▸ **The task**: Keeping every word the same, return the listing from its first line until the line holding "21北菓楼 小樽本馆店 美食餐厅 糕很出名的 还可以免费帮 去哪儿攻略" has been returned as well.

(Given information)

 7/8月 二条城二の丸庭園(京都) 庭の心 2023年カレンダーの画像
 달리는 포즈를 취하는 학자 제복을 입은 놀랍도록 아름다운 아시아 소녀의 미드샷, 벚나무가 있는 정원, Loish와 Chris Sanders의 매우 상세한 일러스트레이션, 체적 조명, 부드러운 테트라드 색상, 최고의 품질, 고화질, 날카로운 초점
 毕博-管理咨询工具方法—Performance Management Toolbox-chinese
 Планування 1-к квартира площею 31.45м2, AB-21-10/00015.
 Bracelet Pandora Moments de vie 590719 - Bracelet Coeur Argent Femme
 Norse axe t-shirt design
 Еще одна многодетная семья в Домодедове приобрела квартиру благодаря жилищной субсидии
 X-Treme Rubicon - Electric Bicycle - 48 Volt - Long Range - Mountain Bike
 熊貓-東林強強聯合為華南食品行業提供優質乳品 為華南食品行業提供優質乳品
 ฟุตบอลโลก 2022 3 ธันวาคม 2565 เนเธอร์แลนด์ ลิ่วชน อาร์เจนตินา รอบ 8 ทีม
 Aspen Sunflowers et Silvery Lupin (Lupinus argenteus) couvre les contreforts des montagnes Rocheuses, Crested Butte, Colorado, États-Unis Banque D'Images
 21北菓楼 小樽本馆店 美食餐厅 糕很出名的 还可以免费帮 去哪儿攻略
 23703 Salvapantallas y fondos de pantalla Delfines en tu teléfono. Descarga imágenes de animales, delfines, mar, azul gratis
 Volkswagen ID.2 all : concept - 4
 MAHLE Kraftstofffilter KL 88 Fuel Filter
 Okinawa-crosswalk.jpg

(End Given information)

▸ **Expected answer**:
 7/8月 二条城二の丸庭園(京都) 庭の心 2023年カレンダーの画像
 달리는 포즈를 취하는 학자 제복을 입은 놀랍도록 아름다운 아시아 소녀의 미드샷, 벚나무가 있는 정원, Loish와 Chris Sanders의 매우 상세한 일러스트레이션, 체적 조명, 부드러운 테트라드 색상, 최고의 품질, 고화질, 날카로운 초점
 毕博-管理咨询工具方法—Performance Management Toolbox-chinese
 Планування 1-к квартира площею 31.45м2, AB-21-10/00015.
 Bracelet Pandora Moments de vie 590719 - Bracelet Coeur Argent Femme
 Norse axe t-shirt design
 Еще одна многодетная семья в Домодедове приобрела квартиру благодаря жилищной субсидии
 X-Treme Rubicon - Electric Bicycle - 48 Volt - Long Range - Mountain Bike
 熊貓-東林強強聯合為華南食品行業提供優質乳品 為華南食品行業提供優質乳品
 ฟุตบอลโลก 2022 3 ธันวาคม 2565 เนเธอร์แลนด์ ลิ่วชน อาร์เจนตินา รอบ 8 ทีม
 Aspen Sunflowers et Silvery Lupin (Lupinus argenteus) couvre les contreforts des montagnes Rocheuses, Crested Butte, Colorado, États-Unis Banque D'Images
 21北菓楼 小樽本馆店 美食餐厅 糕很出名的 还可以免费帮 去哪儿攻略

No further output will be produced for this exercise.